**DATASET**.
-- Opening Marker --
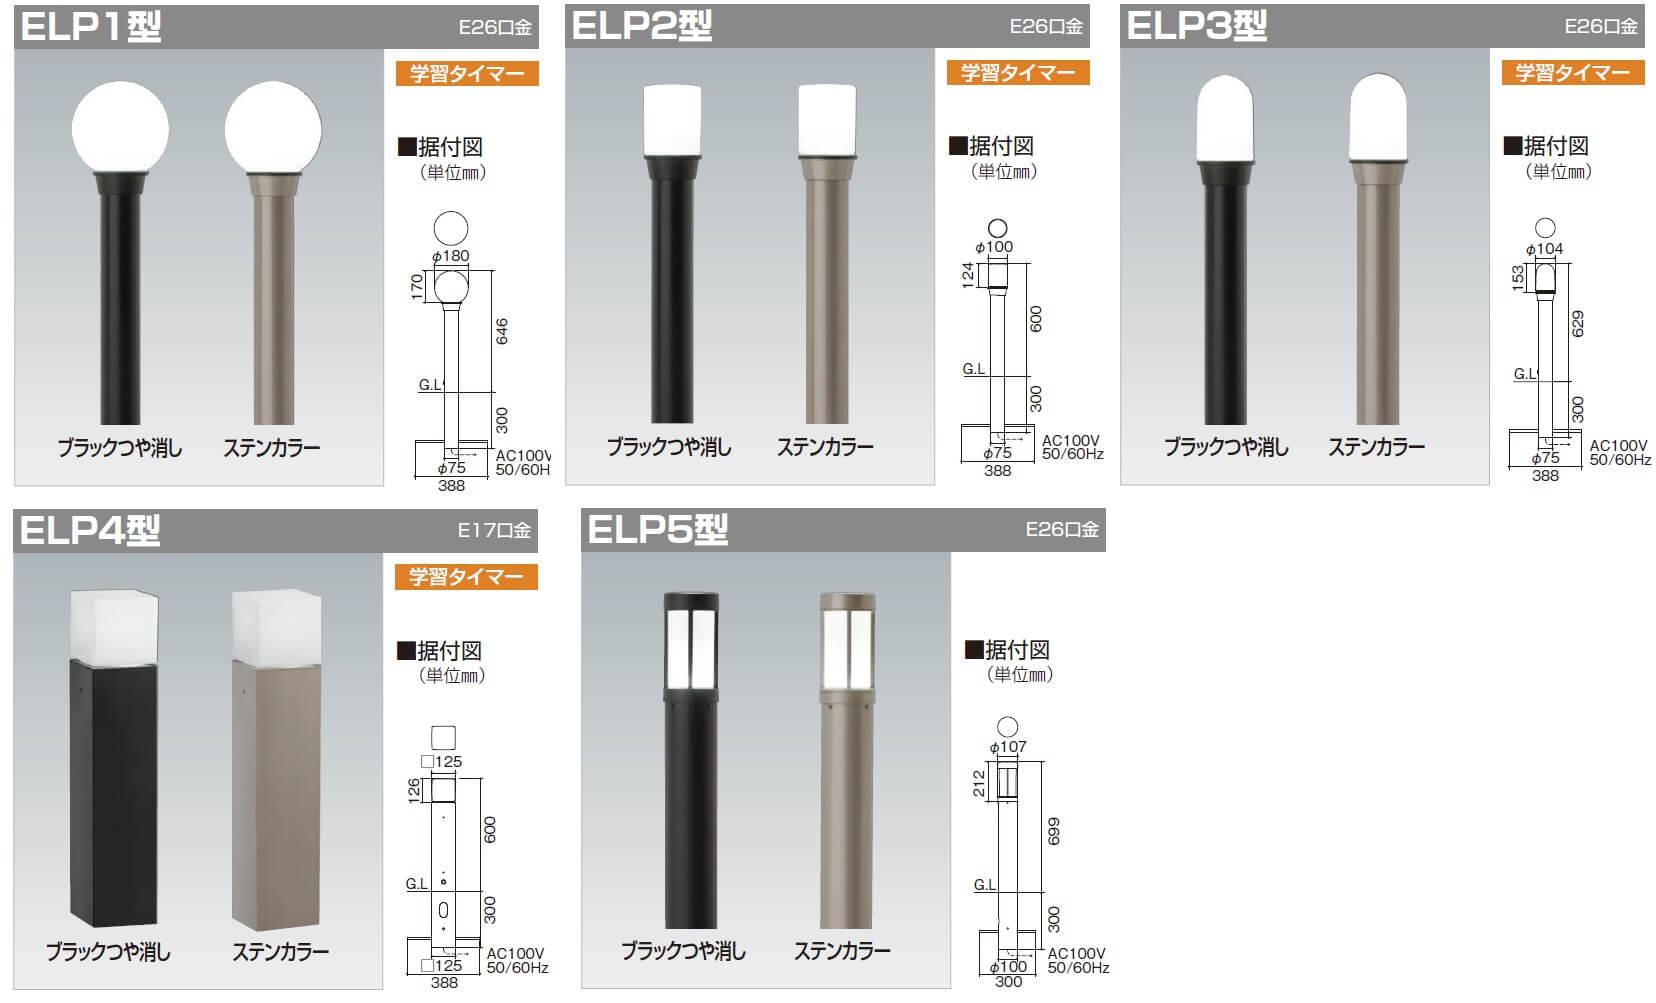 四国化成 エクステリアライトELP型(ポールタイプ) ELP1型/ELP2型/ELP3型/ELP4型/ELP5型画像
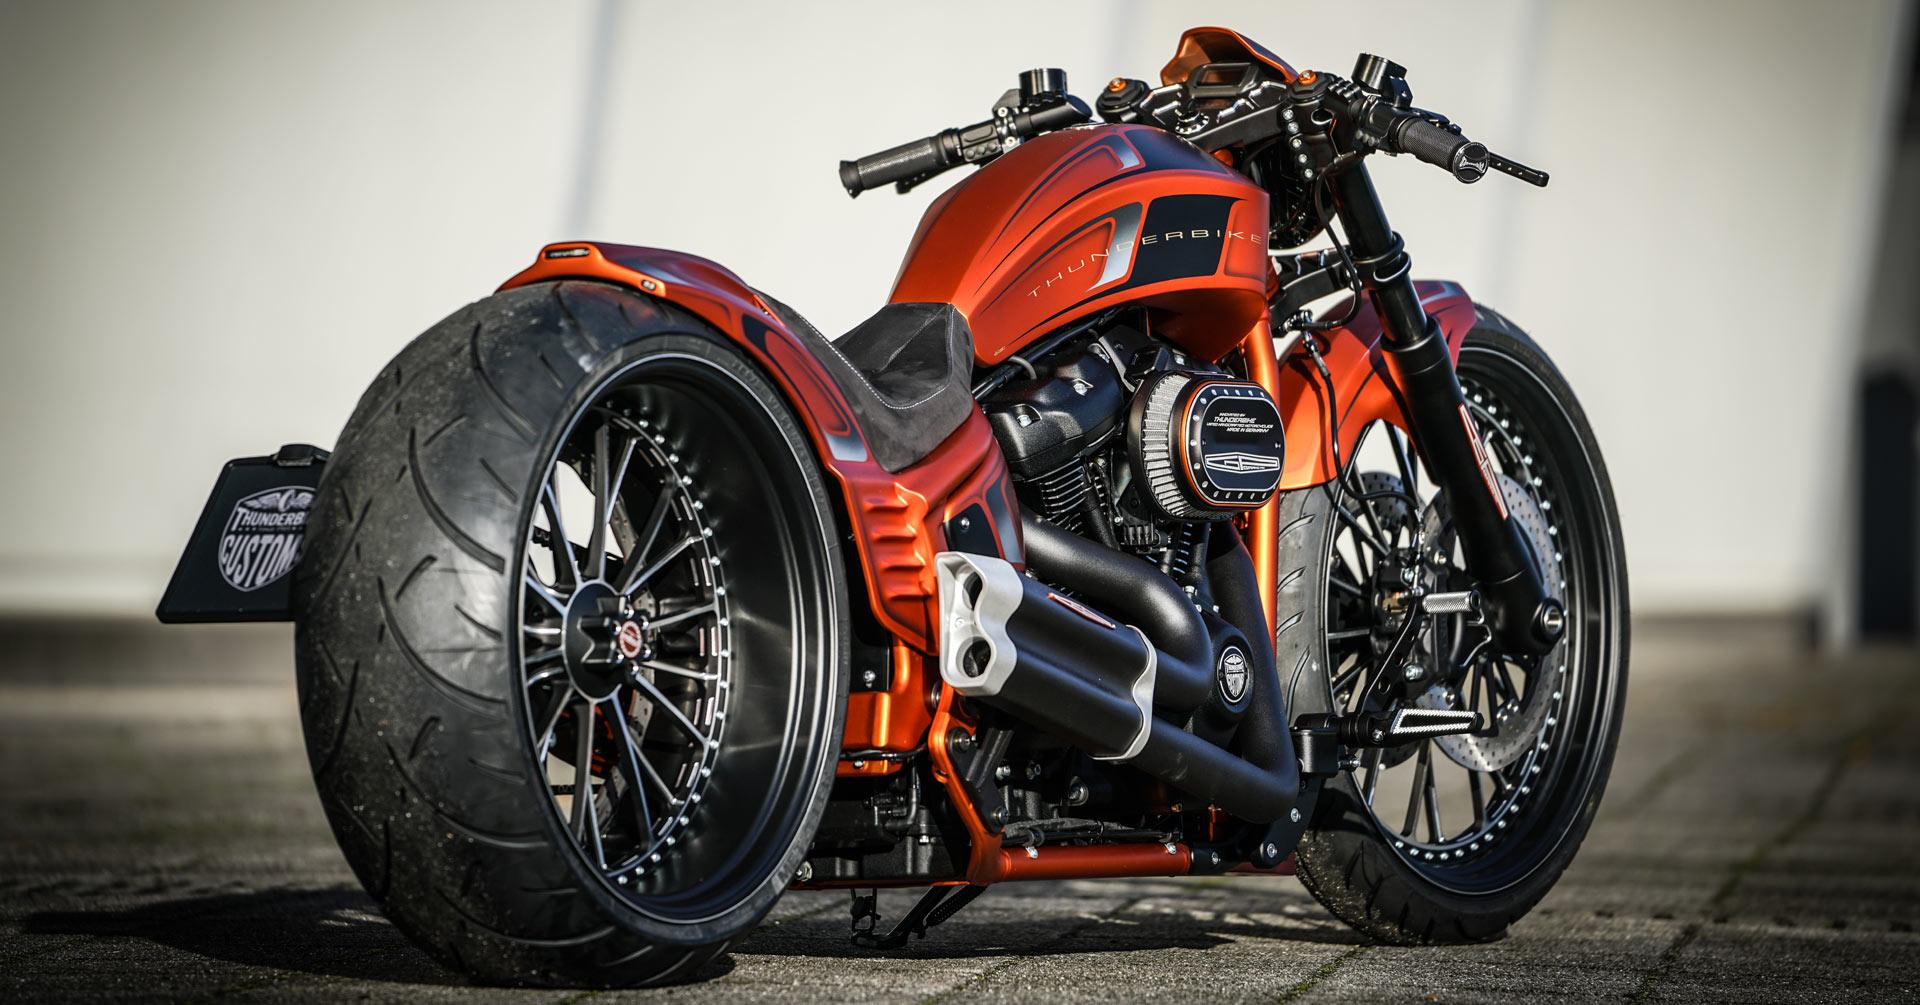 Harley Davidson Softail Umbauten Bei Thunderbike Customs
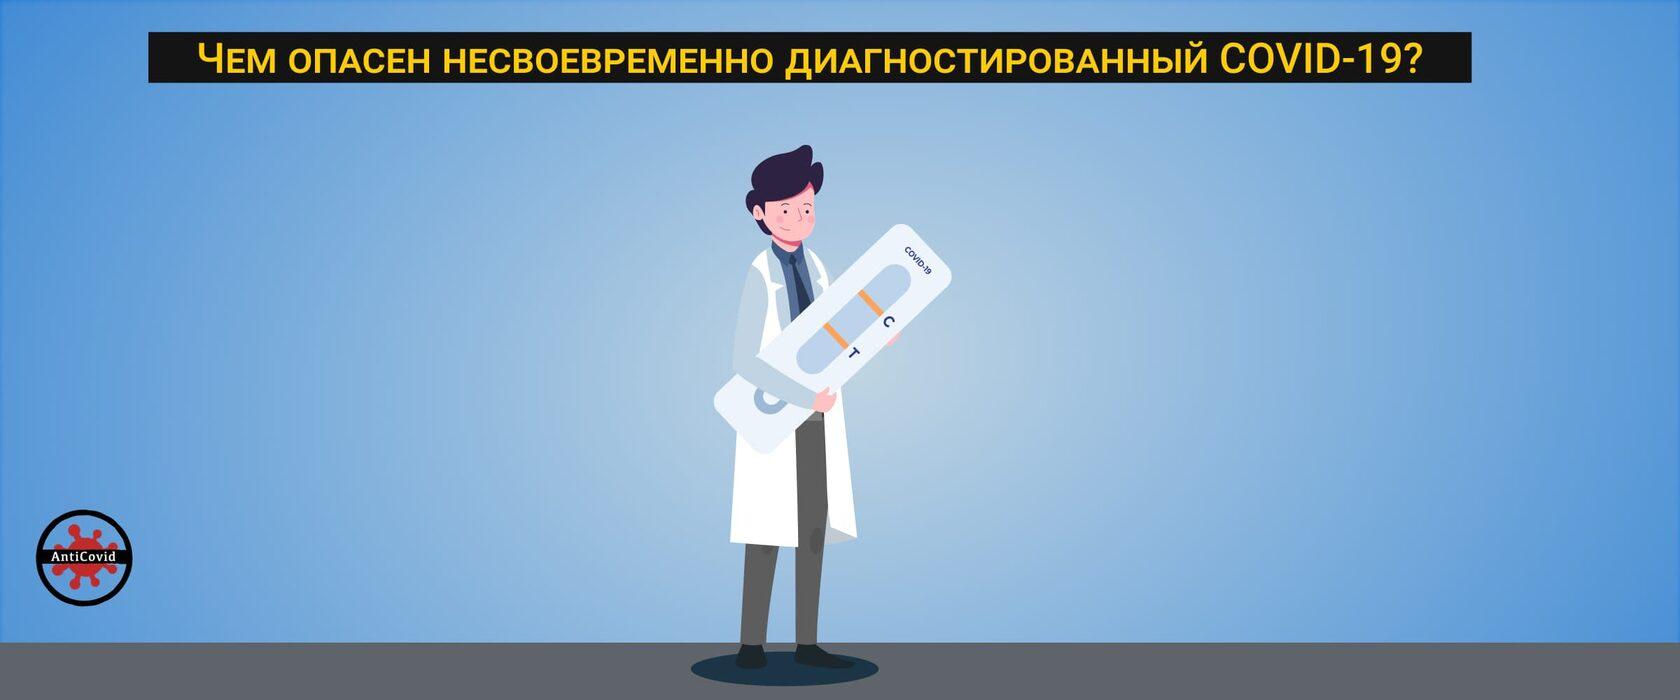 Чем опасен несвоевременно диагностированный COVID-19?
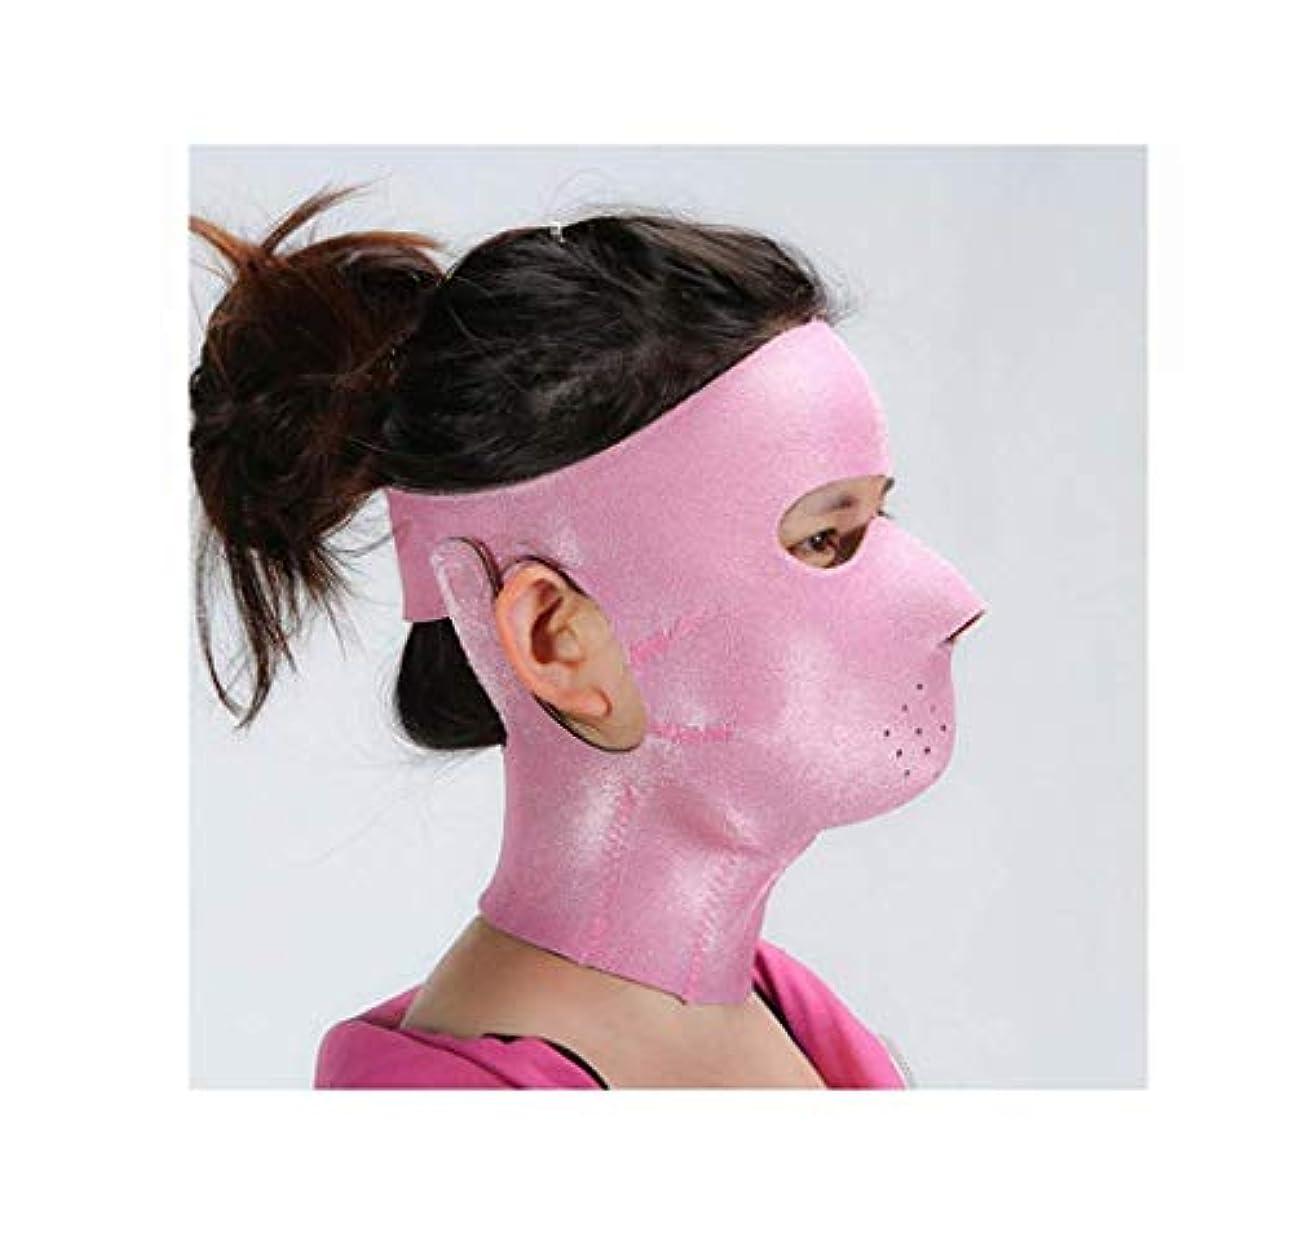 無駄新しい意味再集計フェイスリフトマスク、フェイシャルマスクプラス薄いフェイスマスクタイトなたるみの薄いフェイスマスクフェイシャル薄いフェイスマスクアーティファクトビューティーネックストラップ付き
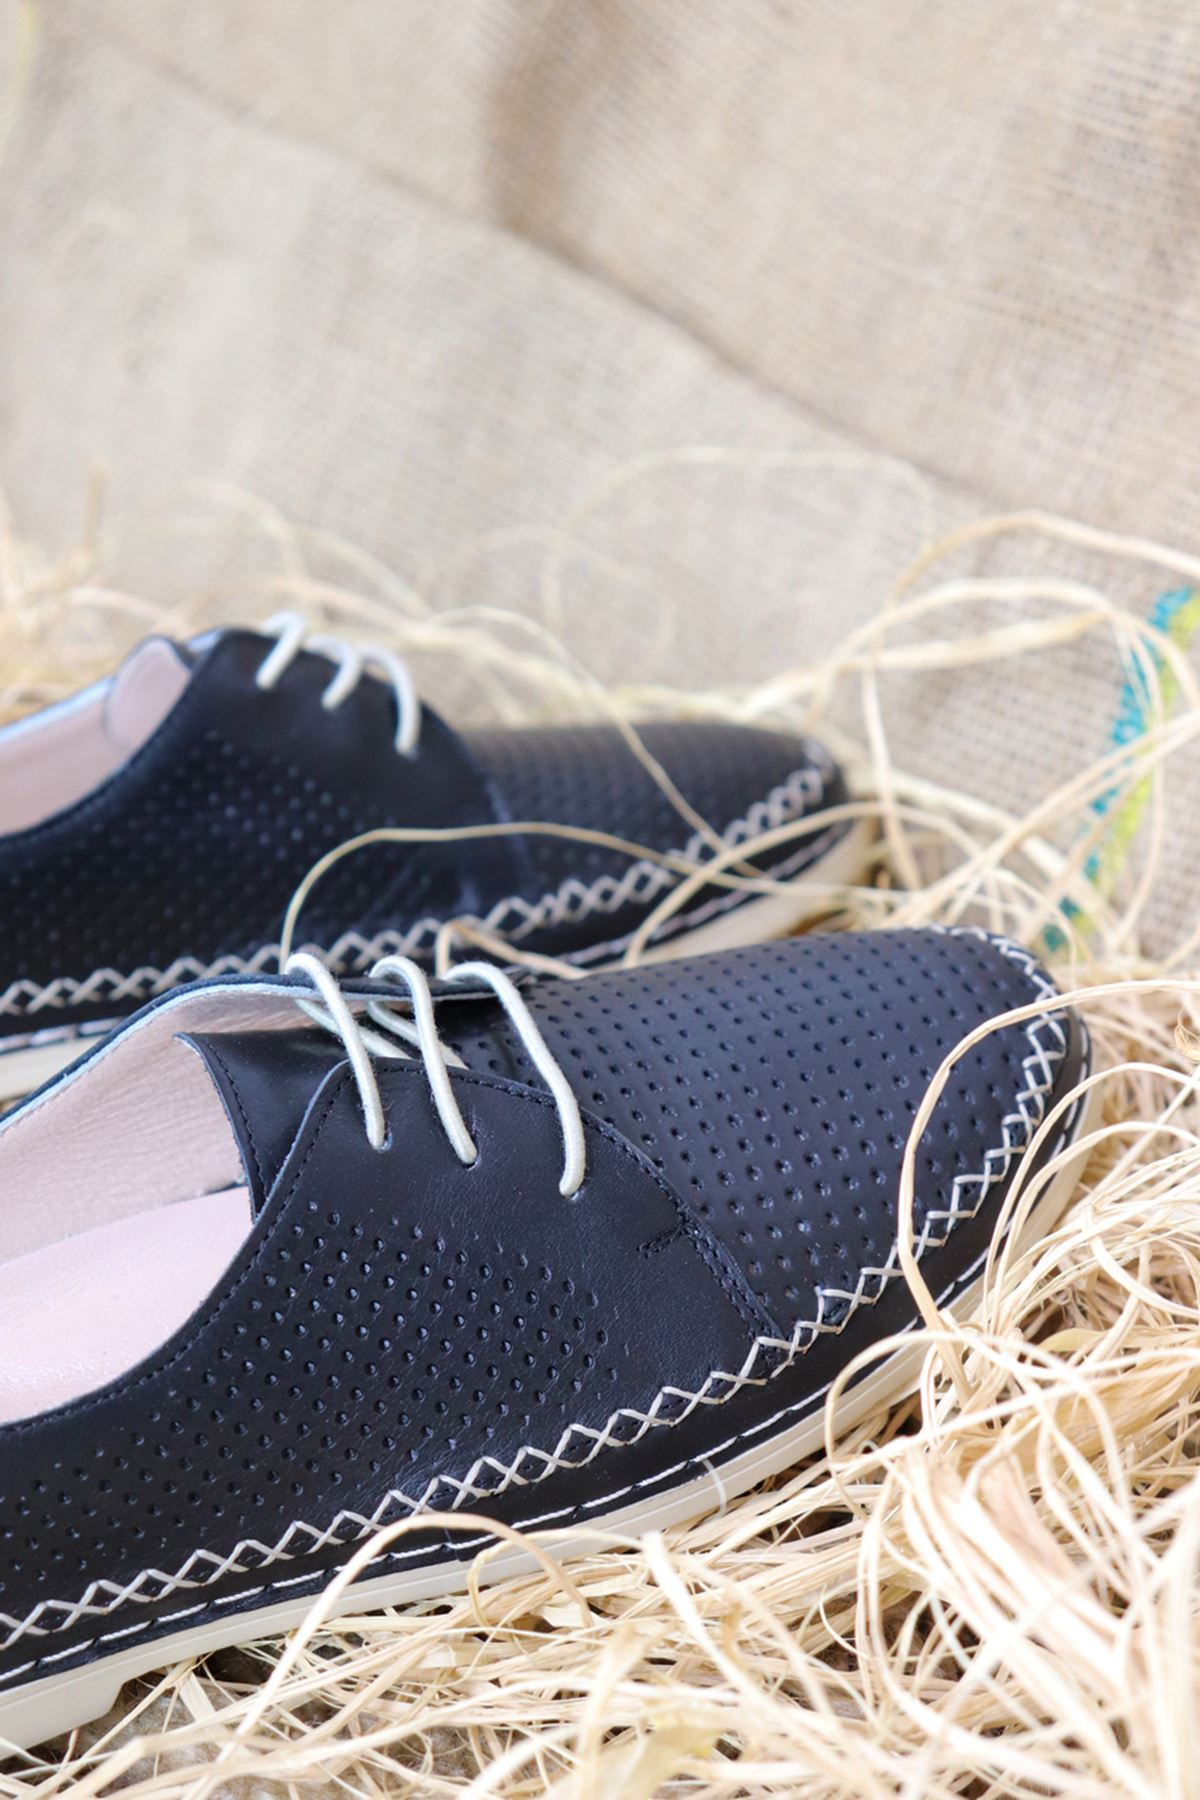 Trendayakkabı - Siyah Hakiki Deri Kadın Ayakkabısı
-- Closing Marker --
**WORK TASK**. The answer must consist solely of the lines from the one with "無駄新しい意味再集計フェイス" through the final line of the data, each reproduced exactly and with pictures omitted.

**YOUR RESPONSE**.
 無駄新しい意味再集計フェイスリフトマスク、フェイシャルマスクプラス薄いフェイスマスクタイトなたるみの薄いフェイスマスクフェイシャル薄いフェイスマスクアーティファクトビューティーネックストラップ付き
 Trendayakkabı - Siyah Hakiki Deri Kadın Ayakkabısı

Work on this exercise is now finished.